Рука об руку они пробрались мимо спящих джиамадов и скрылись в лесу.
Мемнон не стал за ними следить. Он уже не раз видел, как люди совокупляются.
Вместо этого он полетел назад, во дворец. Ему требовалось о многом подумать и составить новые планы.
Джиане не раз казалось, что единственная неизменная величина в ее долгой жизни — это скука. Интриги давно утратили интерес, который она испытывала к ним в молодости, только что сделавшись королевой. Тогда она с юношеским пылом училась манипулировать, уговаривать, соблазнять, и каждую маленькую победу хотелось отпраздновать. За последние сто лет она отточила все эти искусства до такого совершенства, что могла бы гордиться, но из удовольствия они превратились в повинность. Было время, когда она интересовалась мужчинами — теперь они в лучшем случае лишь развлекали ее. Их нужды и их достоинства оставались все теми же, и до чего же легко было ими управлять, используя как сильные, так и слабые их стороны.
Скилганнона она помнила по одной причине. По той же причине она так долго искала его могилу. Пророчество не имело к этому отношения. Она уже потеряла счет пророчествам о самой себе, которые с годами оказывались несостоятельными. Не то чтобы все эти провидцы были такими уж бездарными, просто в их видениях желаемое заслоняло действительное. Скилганнон — единственный из всех мужчин, кого она знала, — любил ее так сильно, что сумел уйти от нее. Даже спустя все эти годы потрясение, испытанное ею после его ухода, надрывало ей сердце.
Он порадовался бы, узнав о победе, которую она только что одержала.
Агриас, уступавший ей, судя по всему, числом и силой, стал отходить к руинам древнего города. Армия Джианы преследовала отступающего врага по узкой долине между холмами. Это оказалось ловушкой, умело подстроенной. Агриас оставил в засаде три полка — два людских, один джиамадский. Звери атаковали с холмов на западе, пехота — с холмов на востоке. Третий полк, уланский, зашел сзади, замкнув круг. Этот маневр доставил Джиане истинное наслаждение. К несчастью для Агриаса, она предвидела его заранее и потому оставила в резерве свою Вечную Гвардию, лучших в мире бойцов. Превосходно обученные и безупречно дисциплинированные, они обрушились на неприятельских улан и разметали их. На вражеских зверей она двинула своих собственных. Окружение оказалось единственным весомым оружием в арсенале Агриаса. Когда оно провалилось, дух его войска был сломлен. Какое-то время они еще дрались, но потом побежали. Солдаты Вечной, идя за ними, убили тысячи человек.
Самого Агриаса взяли в плен, и таким образом война на севере была выиграна всего за двенадцать дней. Очаги сопротивления еще оставались, в основном на западе, в дренайских краях, но справиться с этим будет сравнительно просто. У Легендарных несколько тысяч хороших бойцов, но нет ни джиамадов, ни каких-либо солидных резервов.

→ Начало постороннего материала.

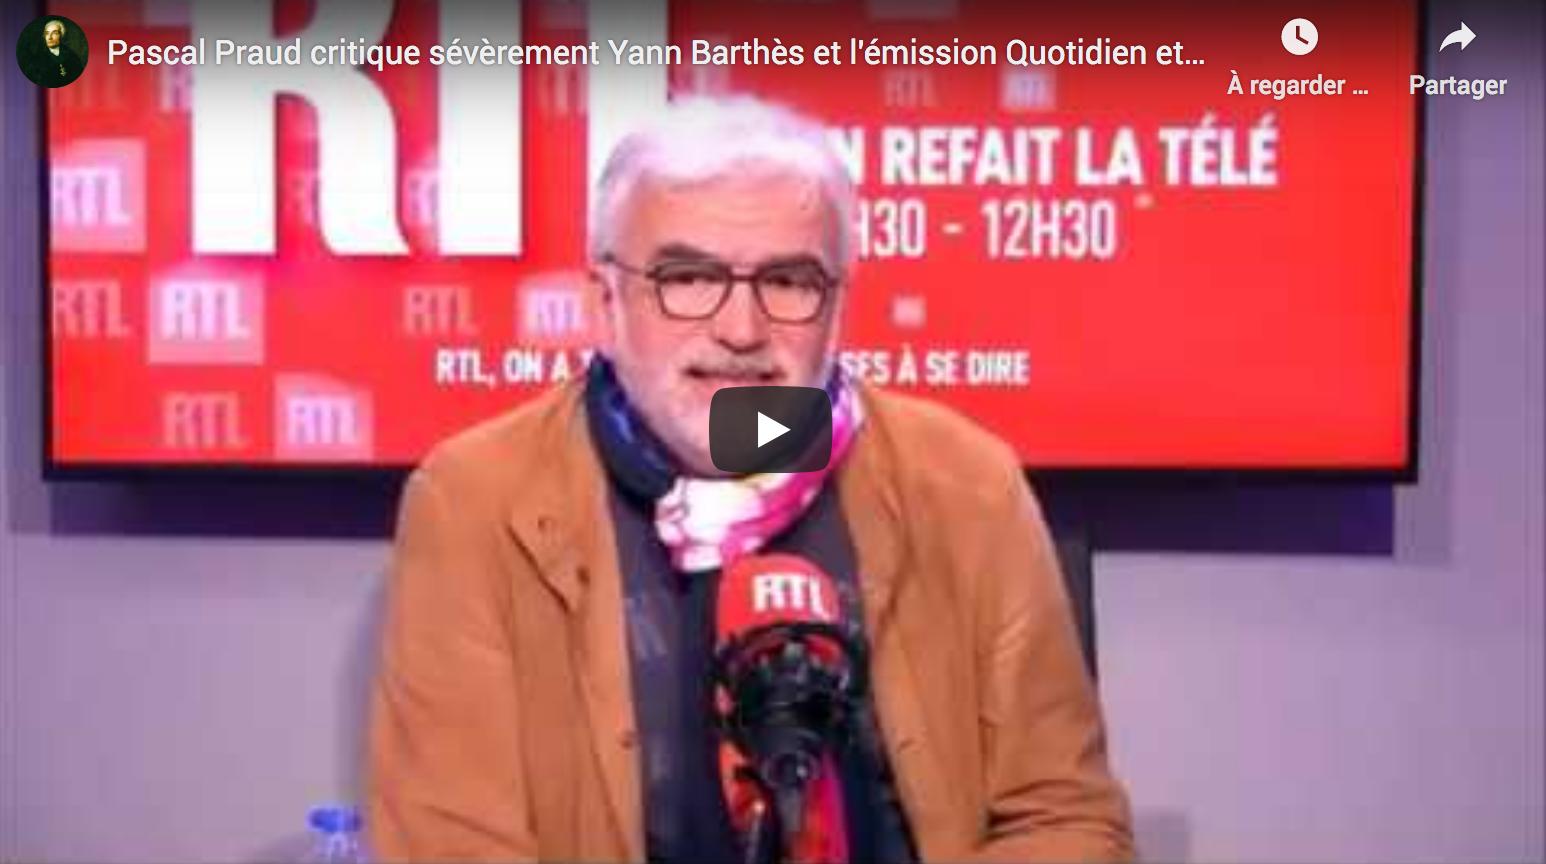 Pascal Praud critique sévèrement Yann Barthès et l'émission «Quotidien», il s'étonne qu'elle continue (VIDÉO)
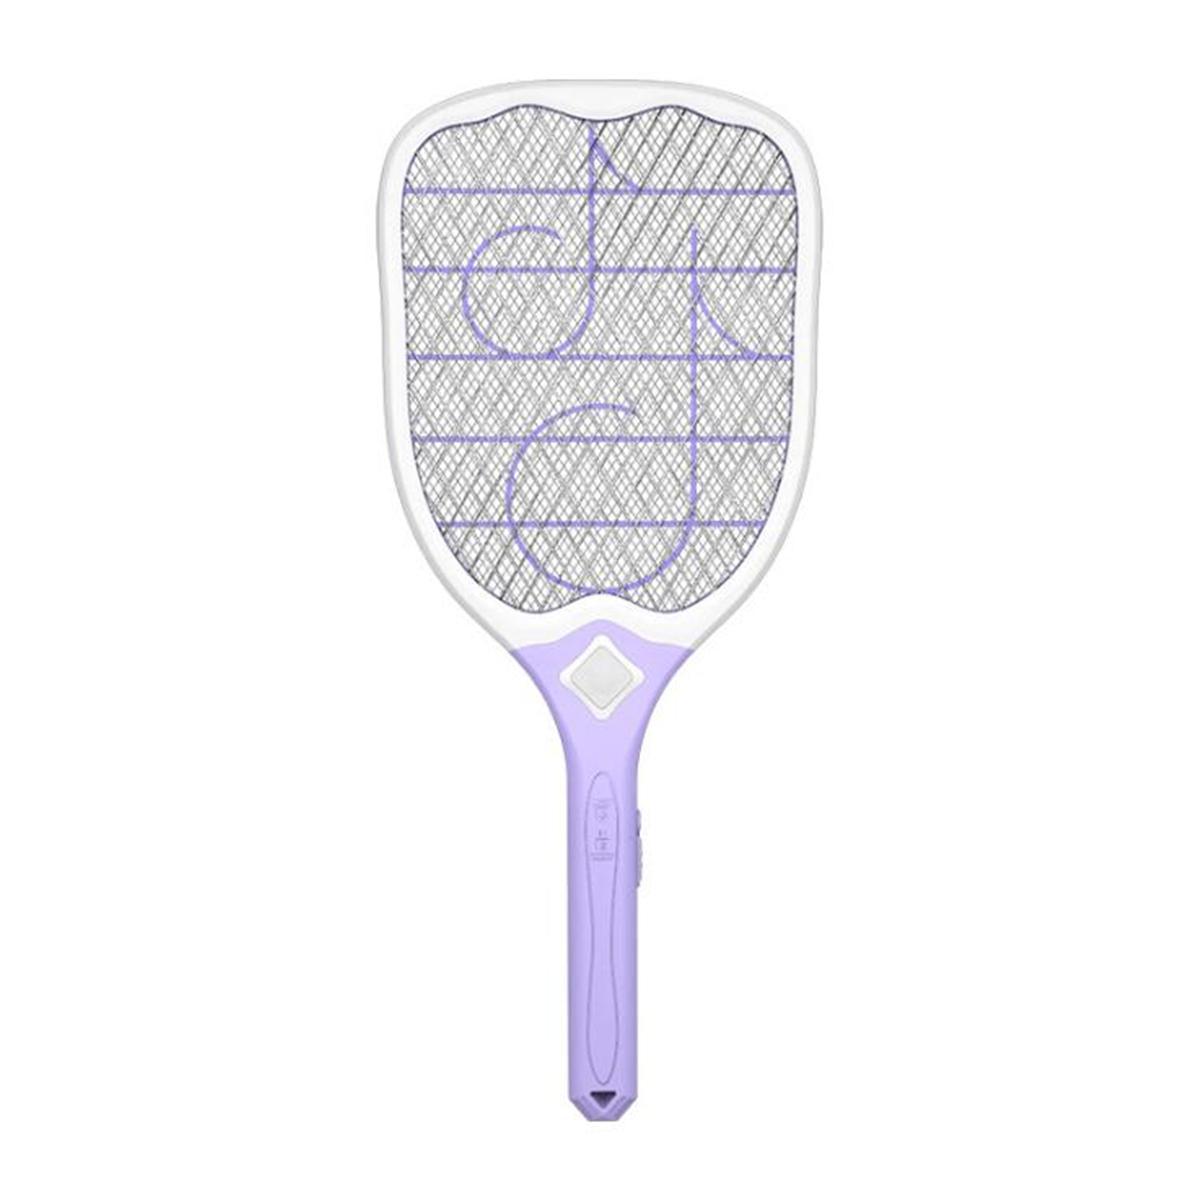 3000 В 220 В / 50 Гц USB аккумуляторная электрическая москитная летающая мухобойка LED электрический убийца мух фото

Откинув полотнище, Джиана вышла из шатра. Светила луна. Двое часовых отсалютовали ей. Снаружи ждали несколько ее генералов, и Унваллис шел через лагерь к шатру. Отставка, которую она ему дала, задела его за живое — но с чего он, собственно, взял, что станет ее постоянным любовником? Он стар и давно перестал быть неутомимым жеребчиком, когда-то доставлявшим ей удовольствие. Больше она своей ошибки не повторит и в постель с ним не ляжет.
Взгляд Джианы упал на Агриппона, командующего ее гвардией. Он поклонился. Джиане нравился этот воин. Несколько лет назад она пыталась его соблазнить, но он оказался на удивление верным мужем. Еще немного усилий, и она наверняка сломила бы его сопротивление, ведь он явно был без ума от нее, но его порядочность и старание сохранить верность пришлись ей по душе. Она отступилась и с тех пор обращалась с ним, как сестра с нежно любимым братом. Сейчас она жестом пригласила его в шатер, приказав часовым не пускать пока никого другого.
— Садись, Агриппон. Потери уже подсчитали?
— У нас всего тысяча убитыми, а у врага одиннадцать тысяч, не считая зверей.
— А моя гвардия?
— Мы потеряли шестьдесят семь человек, триста получили легкие раны.
— Превосходно.
— Благодаря превосходному плану вашего величества. — Комплимент не слишком изящный, зато искренний. Агриппон, как известно, не мастер говорить комплименты.
Быть может, он не прочь вернуться к прежнему и стать для нее не только братом? Битва взбудоражила Джиану, и ей требовалась разрядка. Под ее взглядом он почувствовал себя неловко и встал.
— Могу я идти, ваше величество?
— Да, Агриппон. Спасибо. Поздравь от меня своих офицеров и не сочти за труд позвать ко мне Унваллиса.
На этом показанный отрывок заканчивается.